In normal ("auto") mode it runs via front wheel drive. If it senses power loss at the front tires, it will engage the rear coupler (clutch) to send power to the rear. It will also engage either of the rear couplers (clutches) in the rear axle to send power to either rear wheel it thinks it needs it.
In any of the "modes" which "lock" the (so called) "4x4" system: it engages the rear coupler (sending power down the rear driveshaft) but leaves the rear axle completely OPEN (no power to rear wheels) until it senses slip at the front wheels, at which point it will engage one (or both) of the rear couplers/clutches to power either (or both) of the rear wheels.
So you may say, "what is the point of "lock" if it doesn't move power to the rear?". The answer is: (supposedly) to decrease lag time of the system locking up/moving power (keep in mind, GKN states this is done is 300 milliseconds).
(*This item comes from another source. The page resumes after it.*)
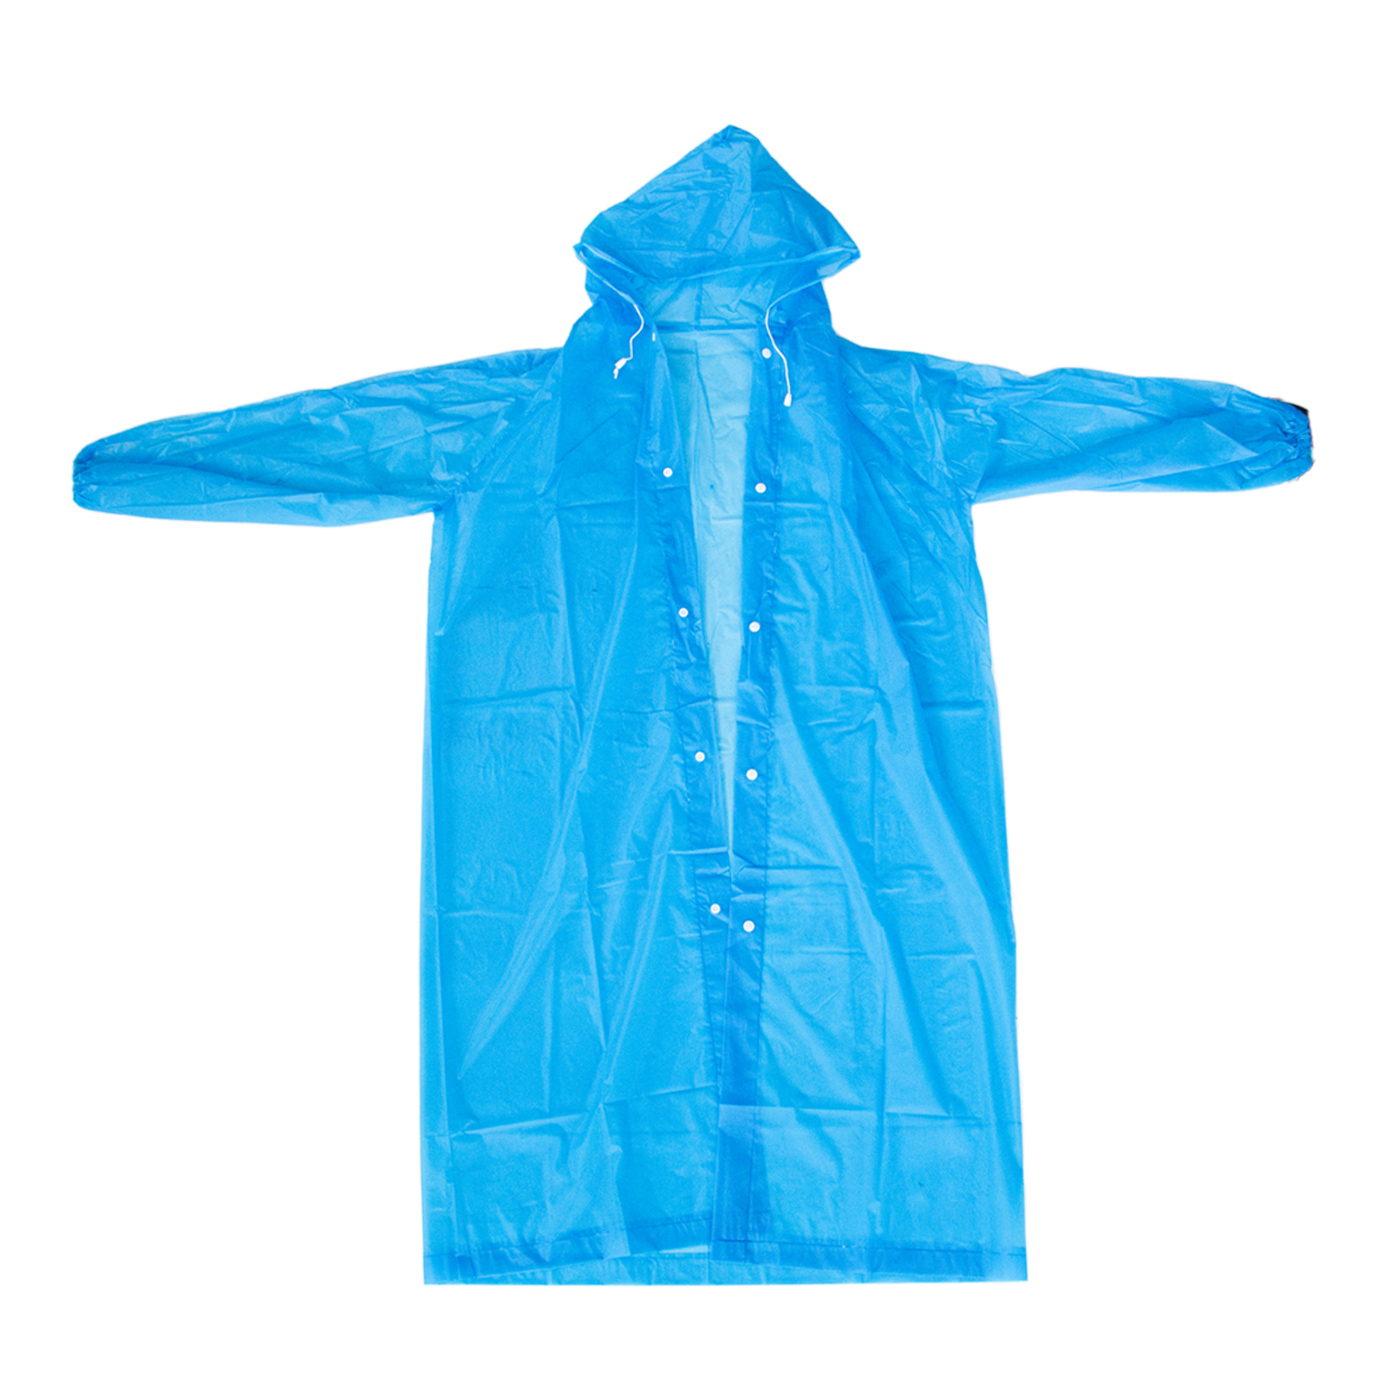 Adults Reusable Raincoat

The real reason?: so Jeep can claim it's "4x4" (since most define "4x4" as locking power front/rear 50/50). However, they leave out the part that the rear driveshaft is disengaged from the rear axle via their system (clutches), therefore... no power to the rear wheels until the software tells it lock either of the rear clutches. It's a little more complicated than that (there are other instances where the rear wheels are engaged, such as from a standstill), but that's the basic concept.
Don't get me wrong... it's a darn good system and Jeep's AWD is probably the most aggressive of the them out there. But I draw the line at them referring to it as "4x4". IMHO, the fake placebo "lock" button's only purpose is so Jeep can "technically" call this a "4x4", even though it does not operate that way (it IS an AWD system). GREAT vehicle regardless! I LOVE mine! :)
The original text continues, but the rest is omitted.